I feel inspired to add this thought: there are many cultural contexts, situations, and scenarios where the "correct" pronunciation is often rightly demanded, where people (especially minorities) have found it justifiably easier to shorten, modify, or even change their names completely because of the cavalier and disrespectful ways their names are pronounced.

My own wife, with an Afro-Euro-Indian heritage, christened with an African name, growing up in India, had to abbreviate her name because her peers and teachers mockingly pronounced her name. Ironically, my 'Indian mother' (that is, my wife's mother; I'm largely uncomfortable with the term, "mother-in-law") still pronounces my last name as "I-come-and-laugh-here"! Even further, in spite of the abundance of playful epistemologies in our naming rituals and the priorities of being hospitable to strangers, there are many Yoruba people I know who might prefer that their names are treated with palpable respect, or at least met with a degree of care and attention - even when a studiously exacting reproduction of the Yoruba tongue is not conceivably possible. So, whatever I write (here and elsewhere) is never to be interpreted through a universal lens, as an ultimate or secret truth that applies for all time. I invite diffractive thinking, where divergences and convergences, asymmetries, openings, and risky experimentation are privileged.

As such, what I call the "gift of mispronunciation" lies at the liminal middles between home and the diasporic world: it is a creative Yoruba-culture-inspired response to a globalizing contemporary modern ethic that is swiftly congealing around safety and correct pronunciation - one that expressly forbids getting it wrong, and is premised on full disclosure and recognition.

What this "gift" invites us to notice is that it is not possible to be fully seen - and that we never meet each other, not fully. Instead we co-invent the other in the intra-activity of encounter. The decolonial heart of this "gift" notices that to be met is an opportunity to be undone, and that to insist on being fully formed on one's own terms prior to encounter is to risk being fully available - for to be fully available is to be decided, done with, and rendered instrumental to the longings of the imperial.

Naming can hurt, being misnamed can hurt more - but even the irritability of hurt is duplicitous, open, and already political. We are hurt with/in complex paradigms; hurt is not apolitical. The "gift of mispronunciation" - more than just a simple practice to adopt - feels to me like an open inquiry into the things identity can do and the limitations of being recognized.
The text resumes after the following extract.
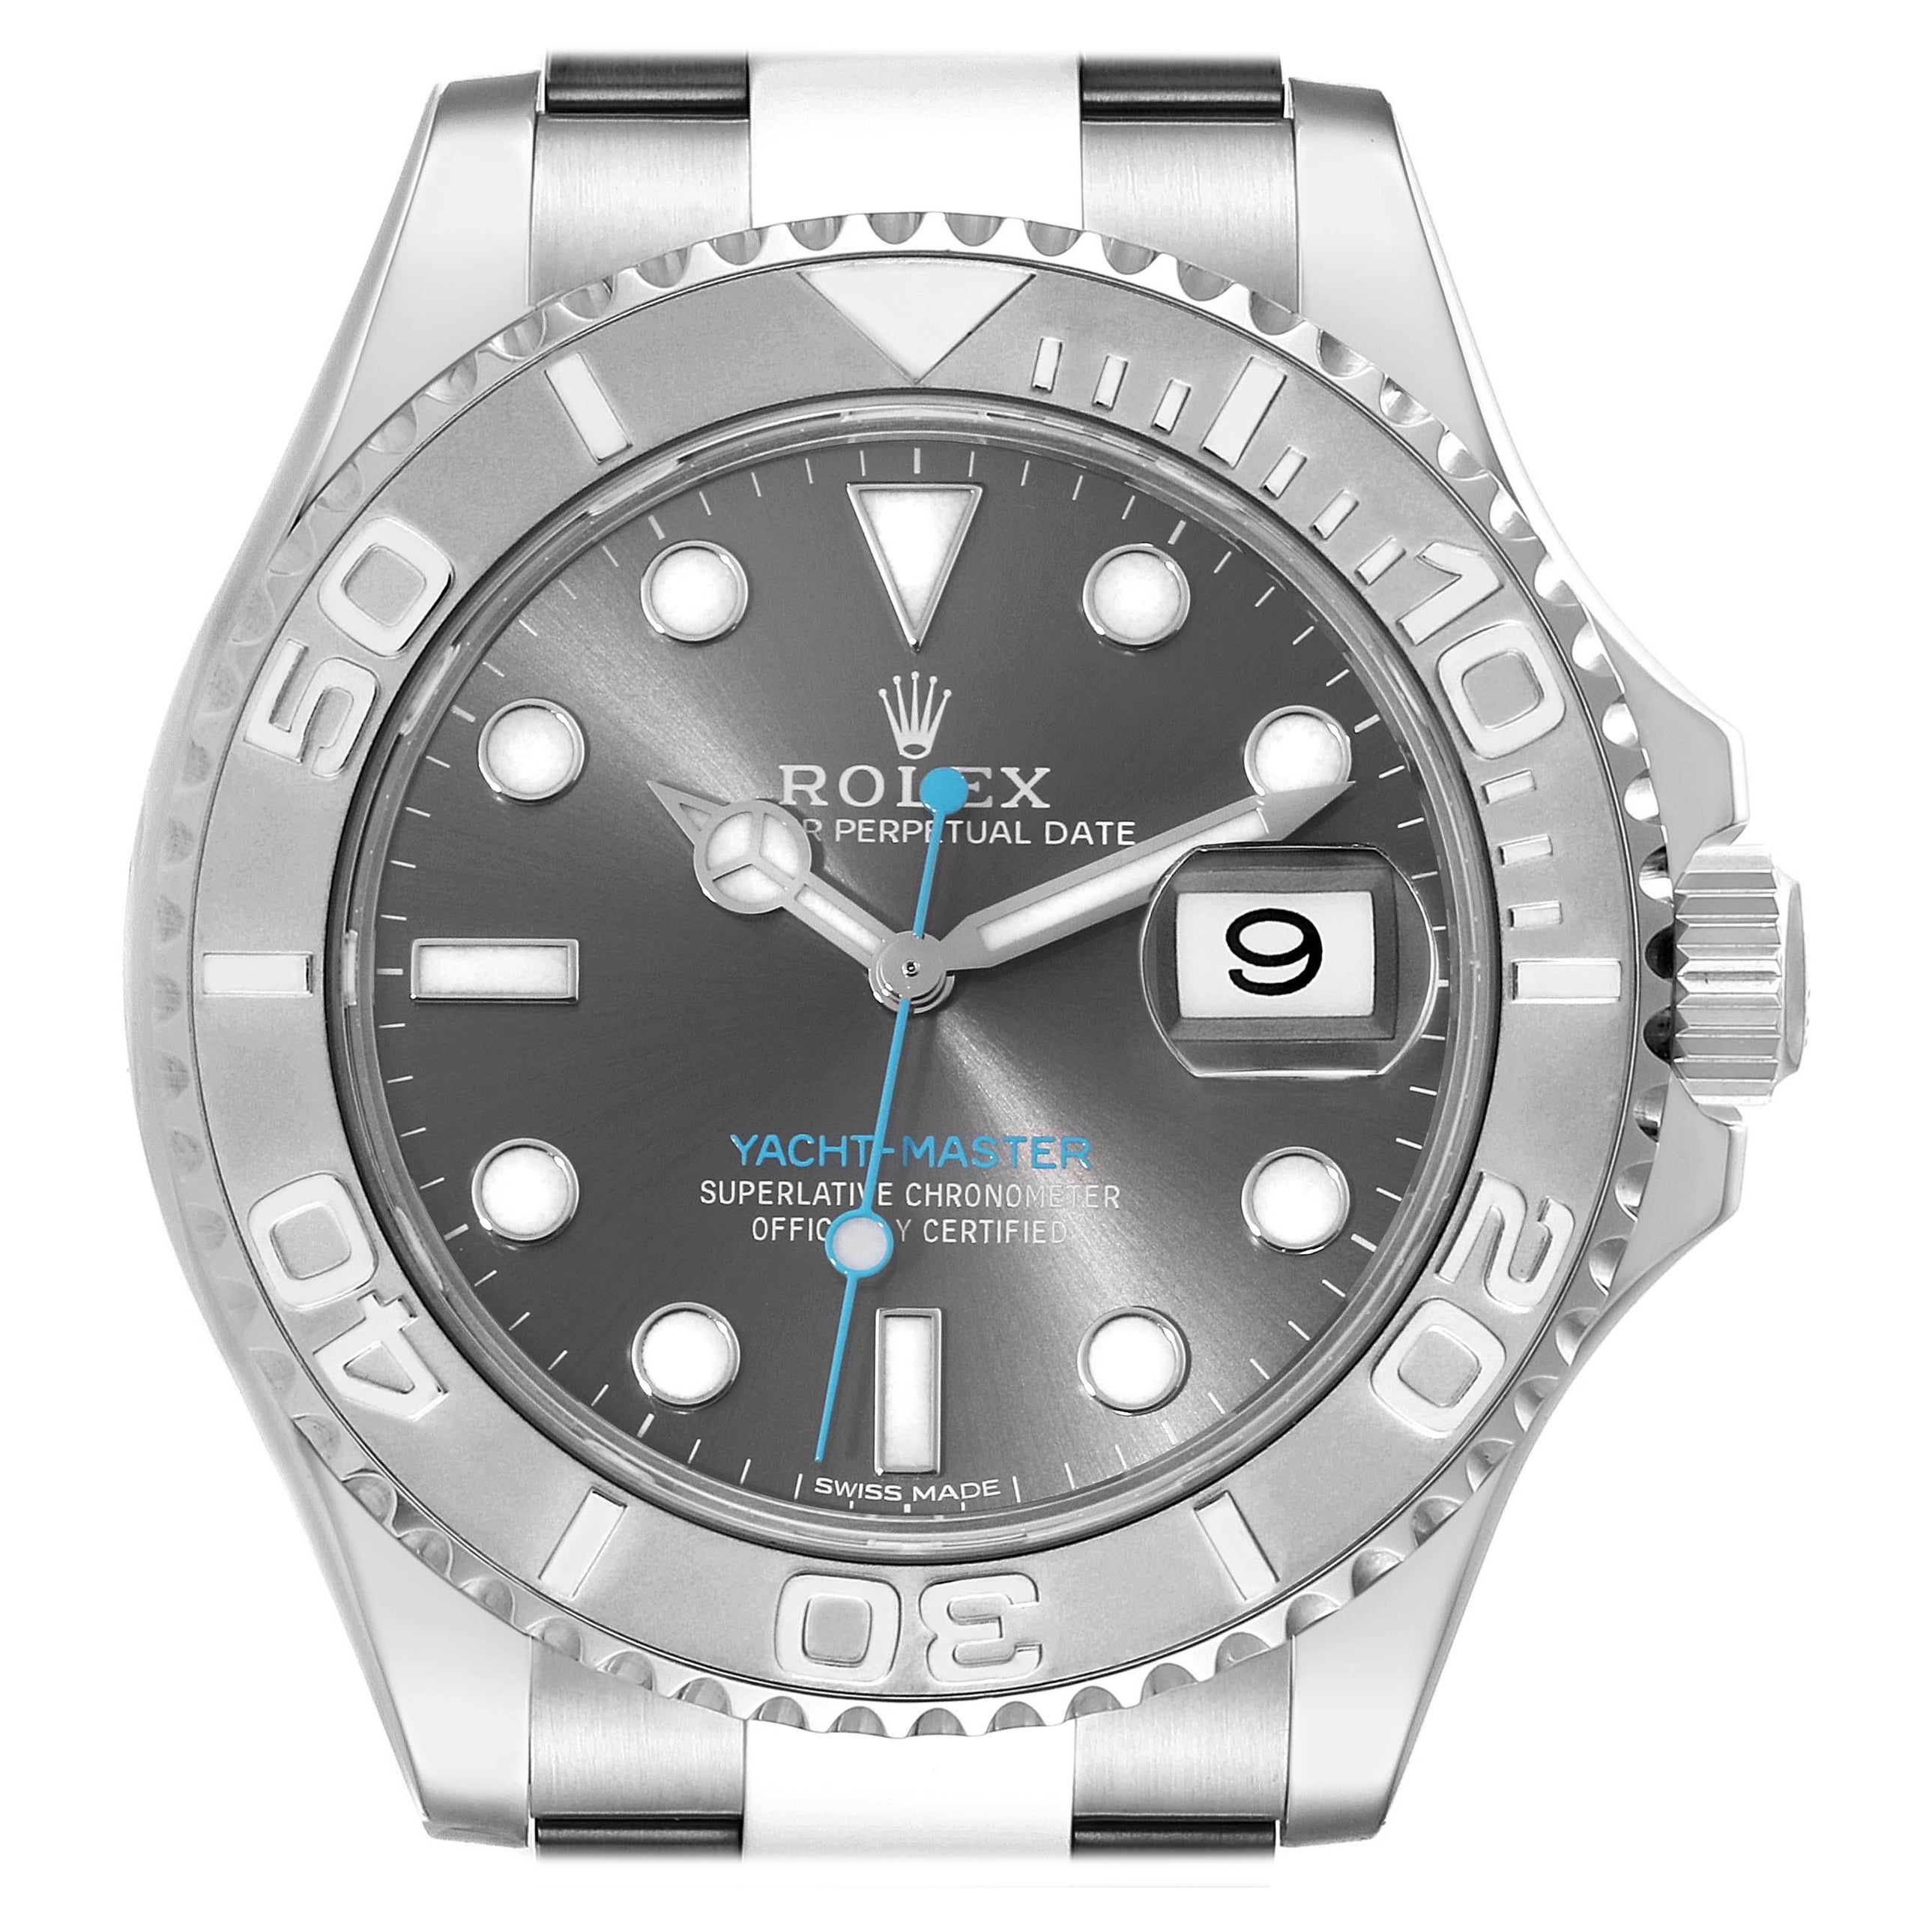 Rolex Yachtmaster Rhodium Dial Steel Platinum Mens Watch 116622 Box Card For Sale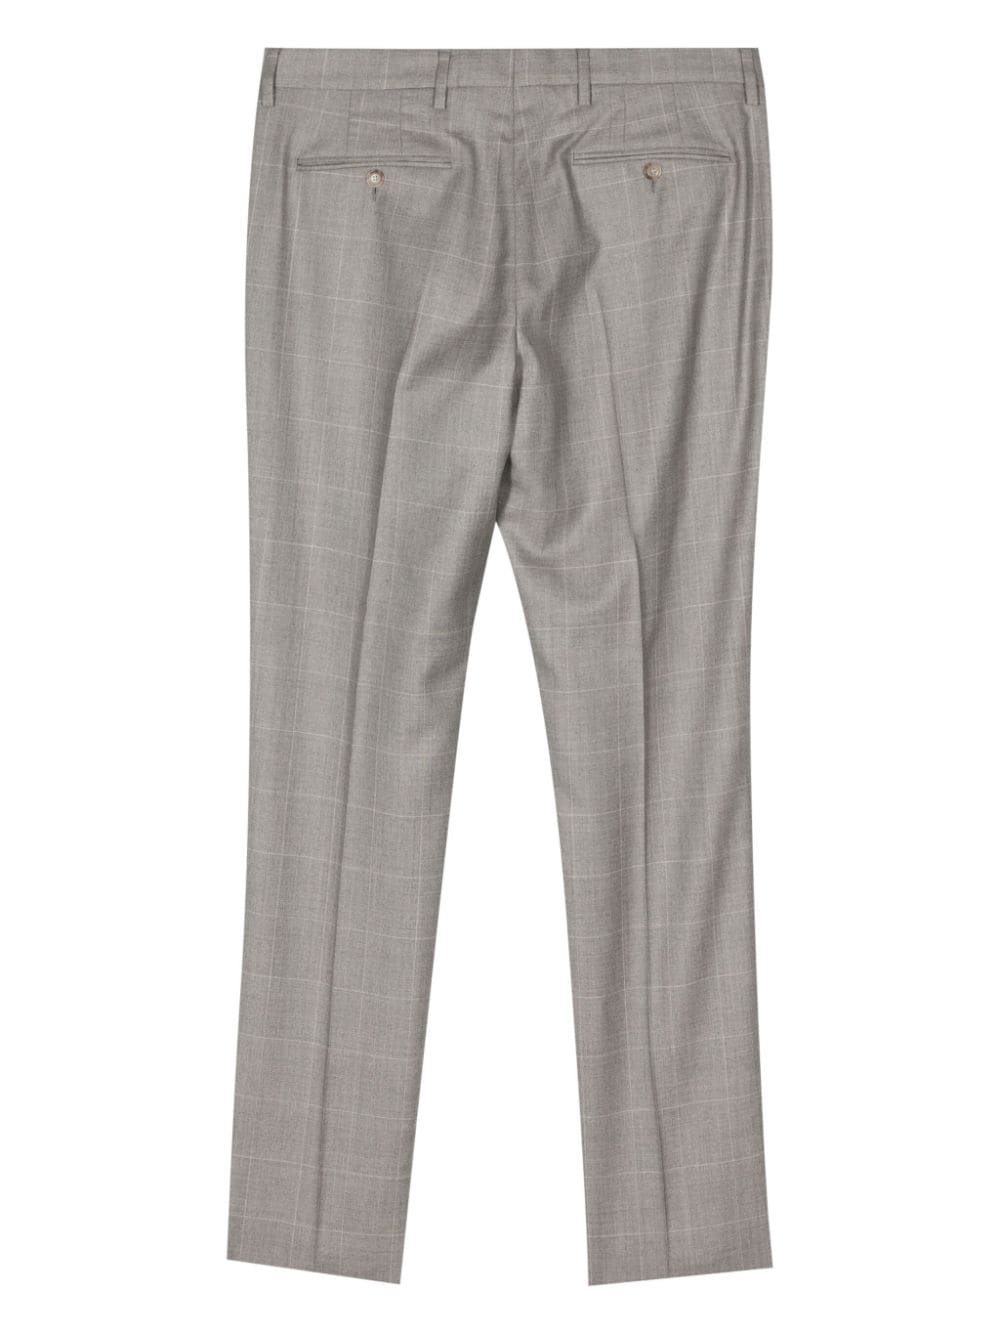 Paul Smith checked tailored trousers - Grijs

It suggests that the universe isn't composed of straight lines, that we need the peripheral to see, and that children learn by messing things up.

This has been my playful realization as a Yoruba person, the gift of my culture (where 'culture' is not a static image or coherent archive of values, but a field of intensities and dynamic movements): that to be misnamed might come with a risky opening, and that even names breathe.

The Yoruba trickster god, Esu, was renamed Satan by the very hand of a converted Yoruba former slave and Anglican Bishop, Samuel Ajayi Crowther, who took it upon himself to translate the entire Bible to Yoruba - an impressive feat. Today, there are movements seeking to address this "error" - saying "Esu is not the Devil". I am not alone in thinking that Esu is probably more intrigued by the label than appalled.

What this "gift" invites us to notice is that it is not possible to be fully seen - and that we never meet each other, not fully. Instead we co-invent the other in the intra-activity of encounter.